Assistant Attorney General Leslie R. Caldwell of the Justice Department’s Criminal Division, U.S. Attorney J. Walter Green of the Middle District of Louisiana, Special Agent in Charge Mike Fields of the U.S. Department of Health and Human Services Office of the Inspector General’s (HHS-OIG) Dallas Office, Special Agent in Charge Michael Anderson of the FBI’s New Orleans Division, and Louisiana State Attorney General James D. “Buddy” Caldwell made the announcement.
Roslyn F. Dogan, 53, of Baton Rouge, Louisiana, and James R. Hunter, 48, of Houston, Texas, were sentenced by U.S. District Court Chief Judge Brian A. Jackson in the Middle District of Louisiana to 90 months in prison and 60 months in prison, respectively. In addition to the prison sentences, Dogan was ordered to pay $43.5 million and Hunter was ordered to pay $3.2 million in restitution.
After six days of trial, on May 21, 2014, a federal jury found Dogan guilty of conspiracy to commit health care fraud, and two counts of health care fraud, and also found Hunter guilty of conspiracy to commit health care fraud and conspiracy to pay and receive kickbacks.

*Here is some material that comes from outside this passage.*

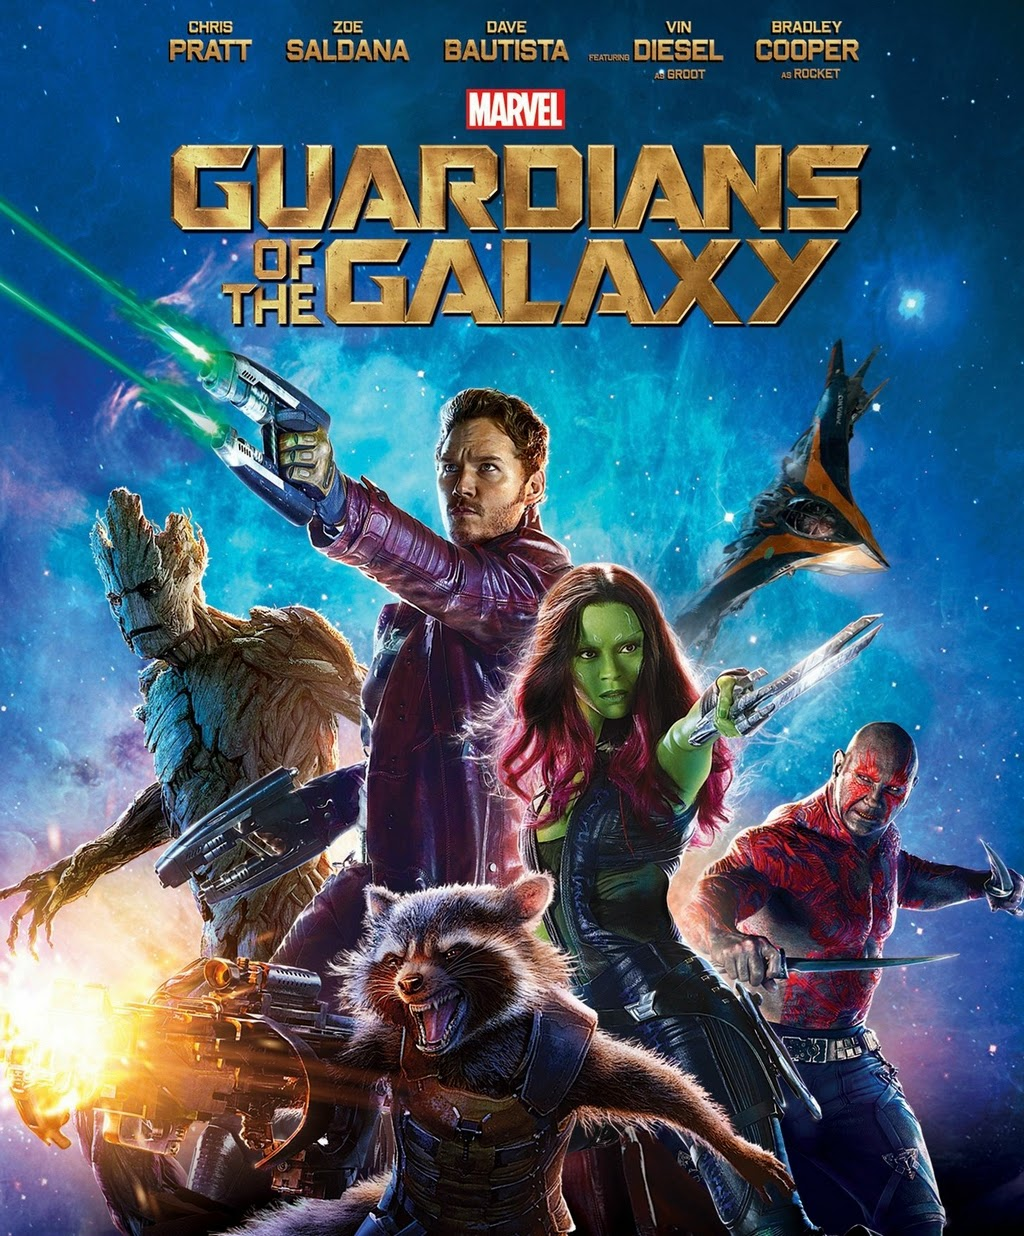 Guardians of the Galaxy รวมพันธุ์นักสู้พิทักษ์จักรวาล HD 2014 FullHD1080p

According to evidence presented at trial, Dogan was a co-owner of Serenity Center of Baton Rouge, and a manager and marketer for both Serenity Center and Shifa Community Mental Health Center of Baton Rouge. Dogan recruited Medicare beneficiaries who were living in nursing homes and assisted living facilities to attend the PHP programs at Shifa and Serenity, knowing the individuals did not need the psychotherapy programs. She then devised methods to keep the patients at the facilities for as long as possible without invoking scrutiny from Medicare, including by having patients involuntarily committed to local inpatient psychiatric hospitals and then discharged and re-admitted to one of the Shifa facilities. Additionally, Dogan directed administrators and therapists at the Shifa Baton Rouge facilities to falsify treatment records indicating that patients had received psychotherapy treatment when, in fact, the patients had not received such treatment. She further concealed the fraud by directing that patient billing statements be intercepted from the mail to prevent the patients from seeing the services that had been billed in their names, and by stealing incriminating documents seized pursuant to a search warrant from federal custody.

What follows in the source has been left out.